College of Pharmacy
The melanocortin receptor (MCR) system consists of endogenous agonists, antagonists, G-protein coupled receptors, and auxiliary proteins that are involved in the regulation of complex physiological functions such as energy and weight homeostasis, feeding behavior, inflammation, sexual function, pigmentation, and exocrine gland function. The five melanocortin receptors (MC1-5R) are member of a G-protein coupled receptors (GPCRs) that activate the cAMP signal transduction pathway and are stimulated by the melanocortin agonists α, β, γ-melanocyte stimulating hormone (MSH) and adrenocorticotropin (ACTH). These receptors are antagonized by agouti (ASP) and agouti-related protein (AGRP), which are the only known endogenous antagonists of GPCRs identified to date.

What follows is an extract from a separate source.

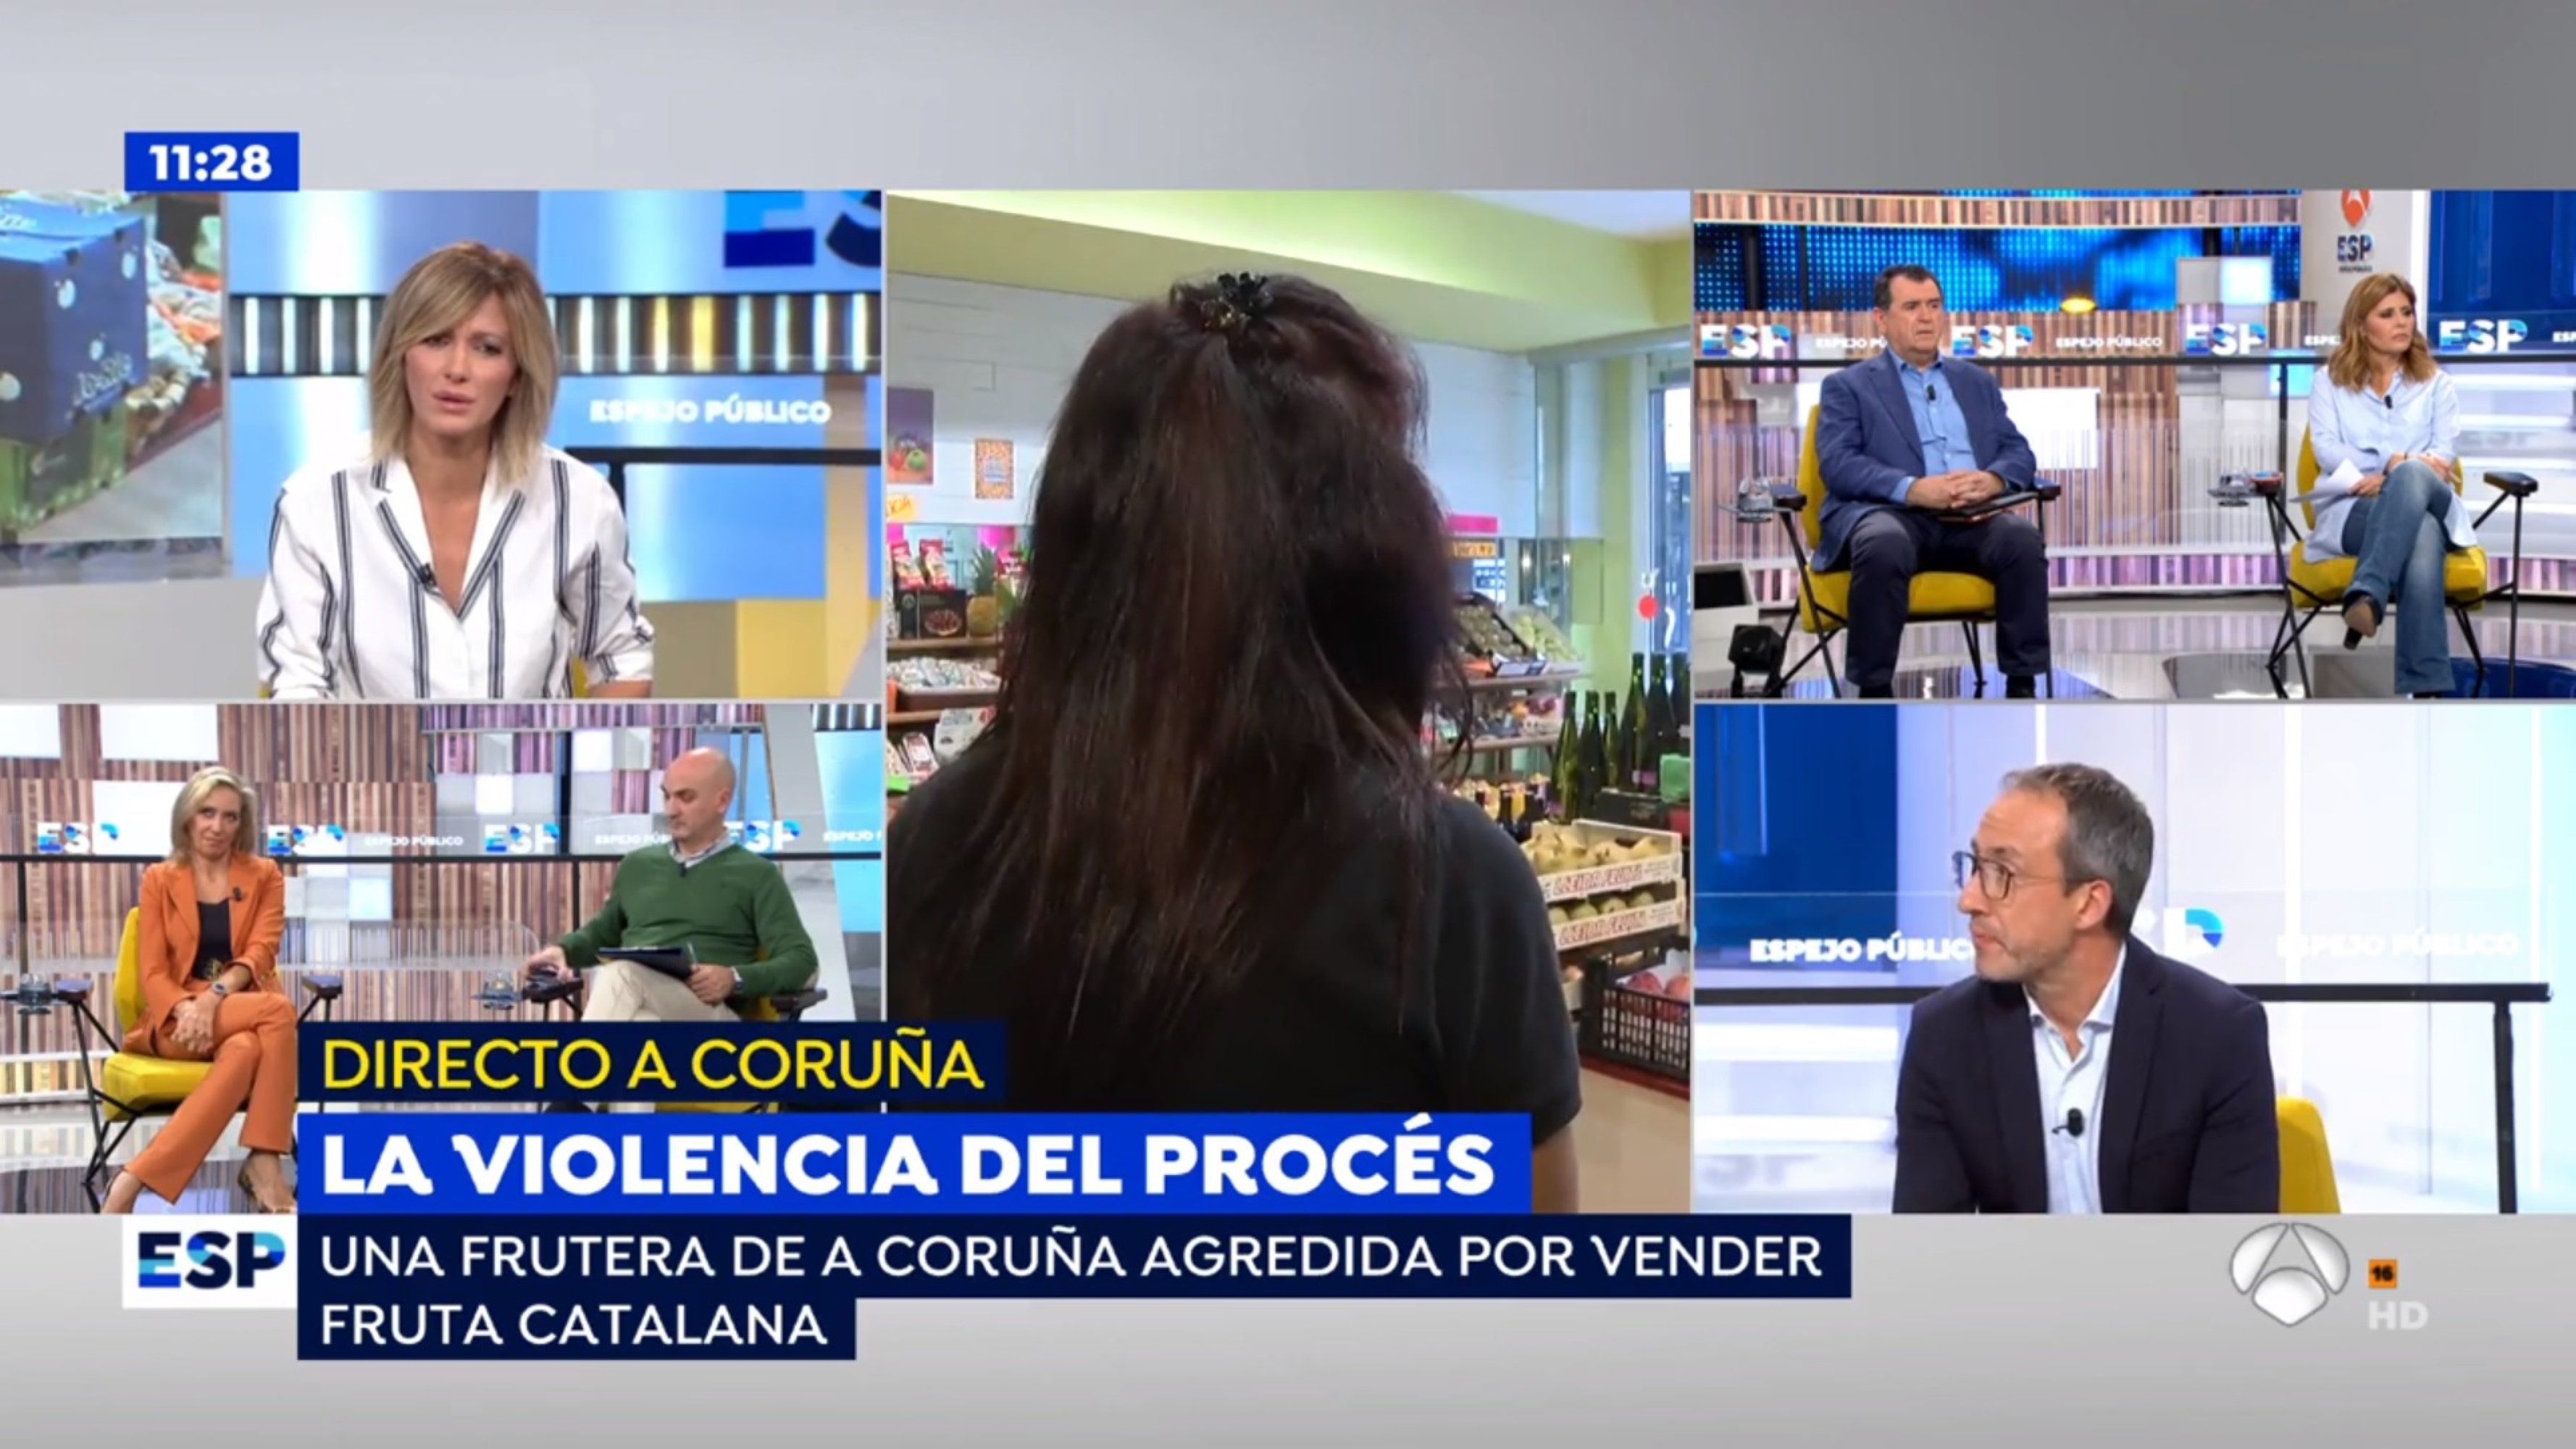 Durísimo relato de la frutera de Galicia agredida por vender productos catalanes

Obesity continues to be a major health problem worldwide. Obesity-related conditions include heart disease, stroke, type 2 diabetes, and certain types of cancer. The human melanocortin-4 receptor (MC4R) has been identified by genetic studies as well as in individual morbidly obese humans to be a locus connected to obesity. More than 100 single nucleotide polymorphisms (SNPs) have been identified so far in obese and non-obese human adults and children. The MC4R is expressed primarily in the brain and regulates obesity, feeding behavior, and satiety, making it an attractive target for antiobesity drugs. The MC3R, which is expressed both centrally (including the hypothalamus) and peripherally, has been postulated to play fundamental roles in metabolism and energy homeostasis, as well as food intake. However, the physiological mechanism(s) of action for the MC3 receptor in the different tissues and the periphery are still unclear.
Selective and potent ligands on these receptors are highly desirable. But designing MC3R versus MC4R selective ligands have been proven a difficult task without the knowledge of structural and conformational features that differentiate SAR between the MC3 and MC4 receptor subtypes. One strategy to address this issue is to probe ligand structural features that can differentiate the ligand−receptor pharmacological profiles of the melanocortin receptors (MC1, MC3−5R).